PALO ALTO, Calif., Mar 11, 2011 (GlobeNewswire via COMTEX) --

StemCells, Inc. (Nasdaq:STEM), a leading stem cell company developing and commercializing novel cell-based therapeutics and tools for use in stem cell-based research and drug discovery, today reported financial results for the fourth quarter and year ended December 31, 2010 and recent business highlights.

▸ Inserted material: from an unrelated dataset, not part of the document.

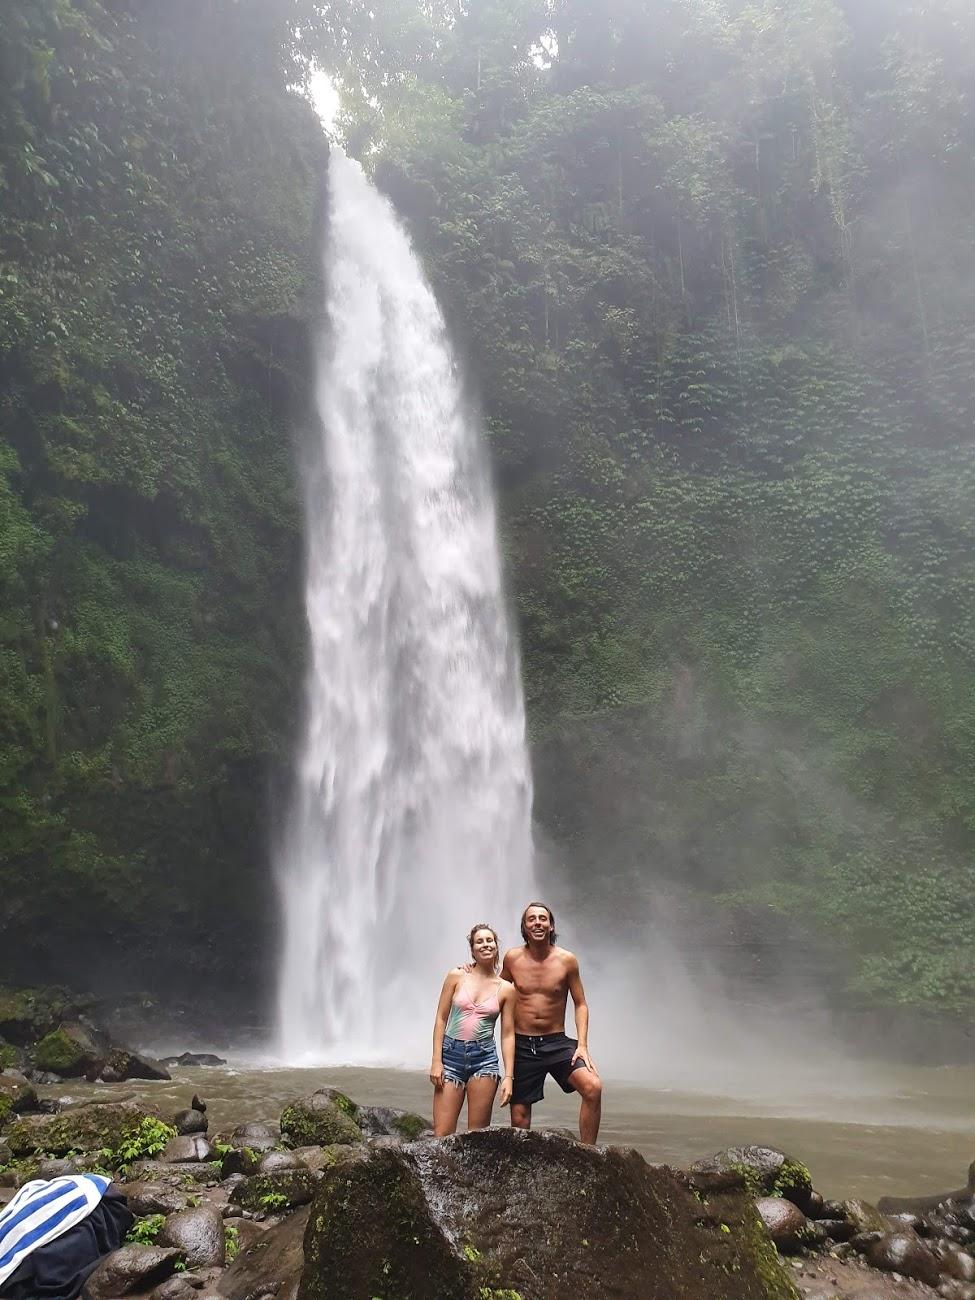 Nung Nung Waterfall

"In 2010 we made significant progress towards achieving our business imperative of translating groundbreaking science into breakthrough medicine for disorders of the central nervous system," said Martin McGlynn, President and CEO of StemCells, Inc. "To date, ten patients have been successfully transplanted with our HuCNS-SC(R) cells, our human safety database is growing and continues to be very encouraging, the cells required for use in our future clinical trials have been banked, and we are well on our way to broadening our clinical development program beyond the brain to also include the spinal cord and the eye.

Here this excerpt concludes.